While the Russian political leadership marked the settlement of the Nagorno-Karabakh conflict between Armenia and Azerbaijan as one of the priorities in its foreign policy concept, there are new conceptual proposals to strengthen the bargaining position of Yerevan developing in the Armenian expert community, which are capable to irrevocably fix the status quo, which suits the Armenian side.
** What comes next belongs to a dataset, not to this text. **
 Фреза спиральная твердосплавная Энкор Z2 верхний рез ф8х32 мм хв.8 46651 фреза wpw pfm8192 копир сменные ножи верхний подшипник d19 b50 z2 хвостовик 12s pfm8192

Vestnik Kavkaza has already informed about a curious analytical computation of the known political scientist Richard Kirakosyan ("Armenia has sent a 'restraining signal' to Russia"), according to which, Iskander missile systems demonstrated at the military parade in honor of the anniversary of Armenia's independence were a restraining signal to...Moscow. After such a filigree Yerevan's move, which apparently herded Kremlin to a stalemate position - in fact, the Iskander deterrent de facto paralyzed Russia's leverage over the region - Armenia got an opportunity to break through at the 'second front': it will try to block unfriendly steps of Belarus and Kazakhstan.
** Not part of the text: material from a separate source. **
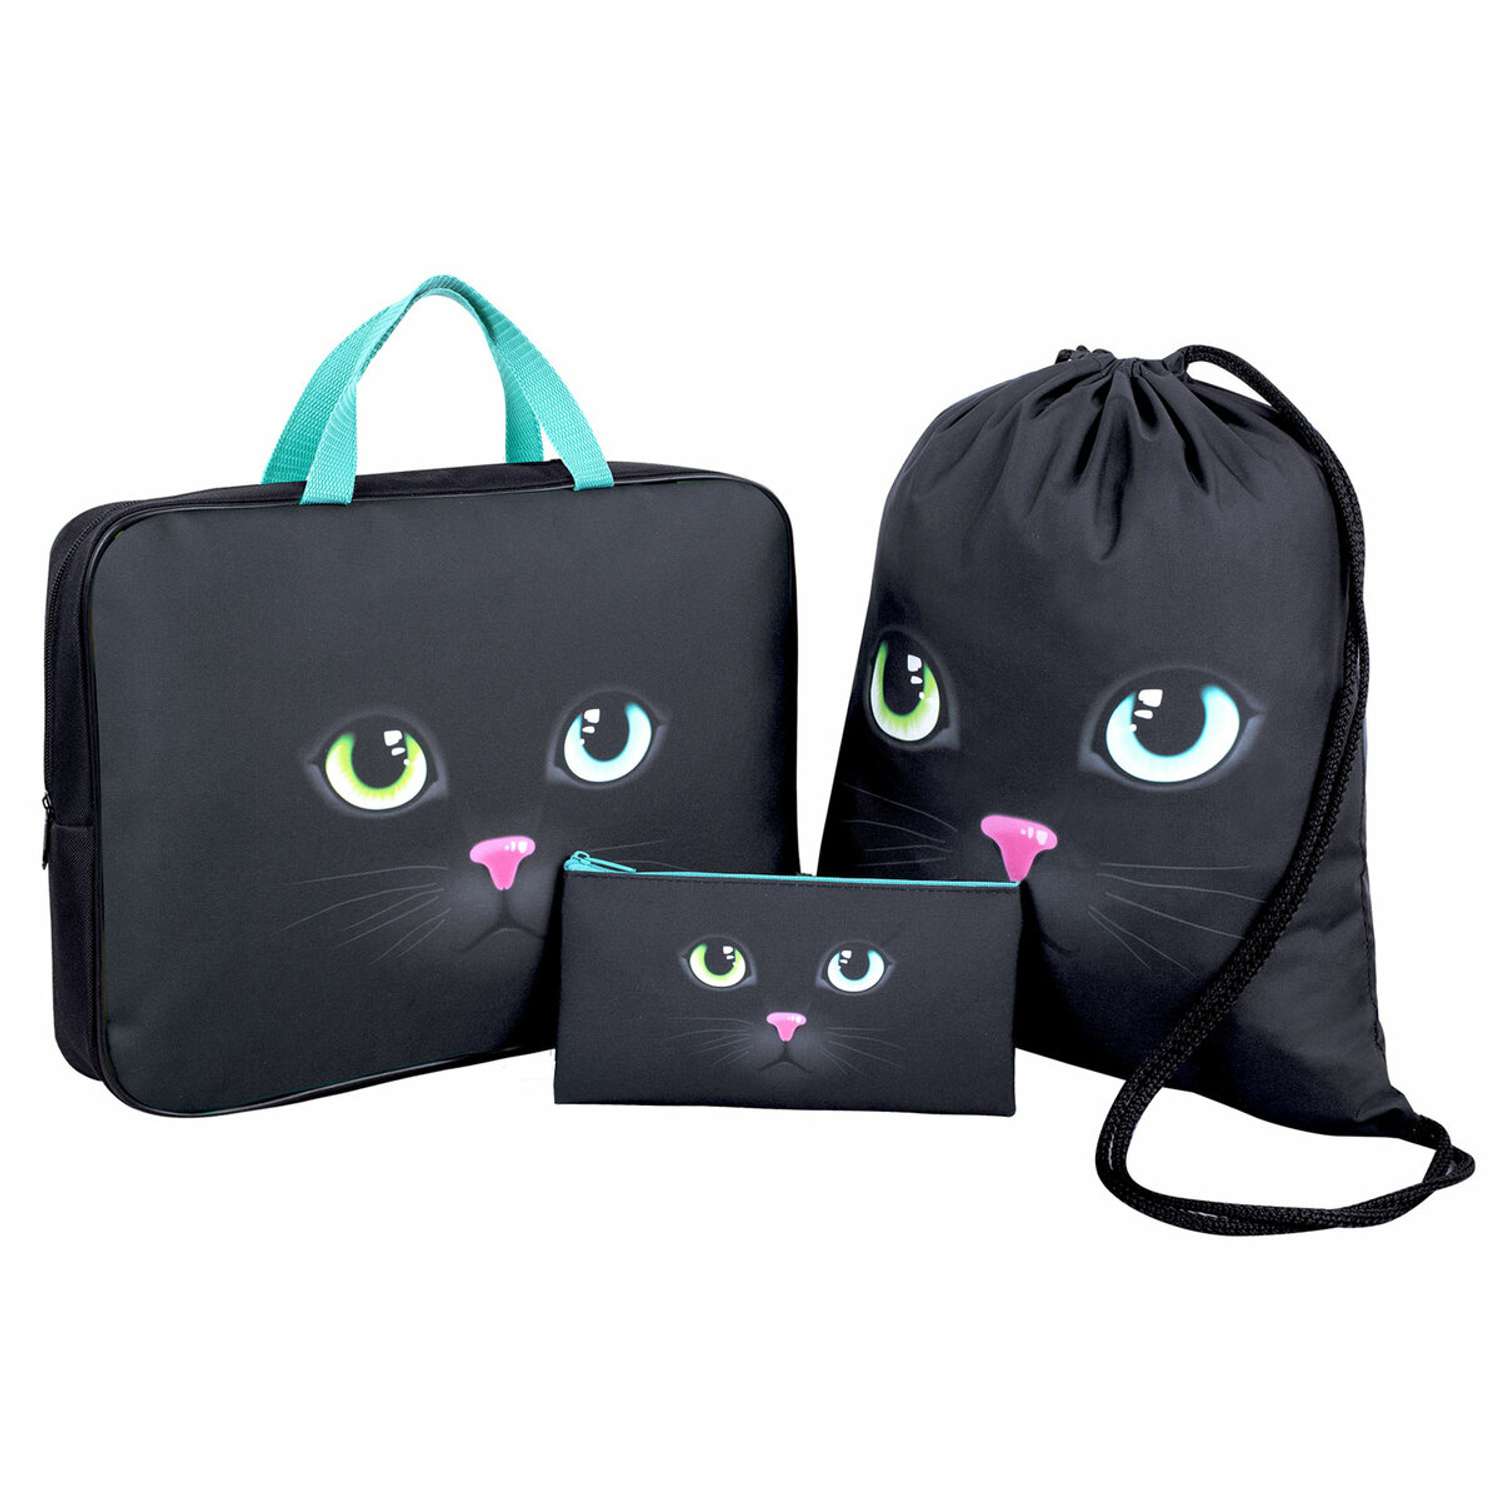 Набор школьника Brauberg для девочки и мальчика папка с ручками А4 мешок для обуви и пенал-косметичка Black cat - фото 1

In this regard, the director of the Armenian Center for National and International Studies, a political scientist Manvel Sargsyan suggested in an interview to 1in.am a simple and ingenious at the same time formula of strengthening "discipline" in the ranks of the EEU and the CSTO ("Armenia should not be silent, but force Lukashenko to think a hundred times before he takes the medal from Aliyev's hands"). Recalling that the member states of these organizations did not support Armenia demonstratively during the April clashes with Azerbaijan, Sargsyan proposed to exclude Belarus and Kazakhstan from their ranks. If we assume that Armenia will achieve withdrawal of these two states from the CSTO and the EEU, it will have a very win-win situation: only Armenia and Russia will remain in the EEU, the latter, as we suggested above, is already held by Yerevan in the grip of "a restraining signal" via Russian Iskander missile systems. As for the CSTO, than Kyrgyzstan and Tajikistan, looking to the fate of Belarus and Kazakhstan, will obviously make the necessary conclusions for themselves and express their unequivocal position on Nagorno-Karabakh, which coincides with the objectives of the Armenian diplomacy.
In such circumstances, the situation is clearly becoming uncomfortable for Baku, Astana and Minsk. We cannot exclude that the Kazakh president Nursultan Nazarbaev, realizing the threat of exclusion from the CSTO to his country, deliberately did not attend the last summit in Yerevan. It is likely that Alexander Lukashenko's hasty visit to Baku is linked to the need to discuss the further strategy of Belarus in the context of the threat of its exclusion from the EEU and the CSTO.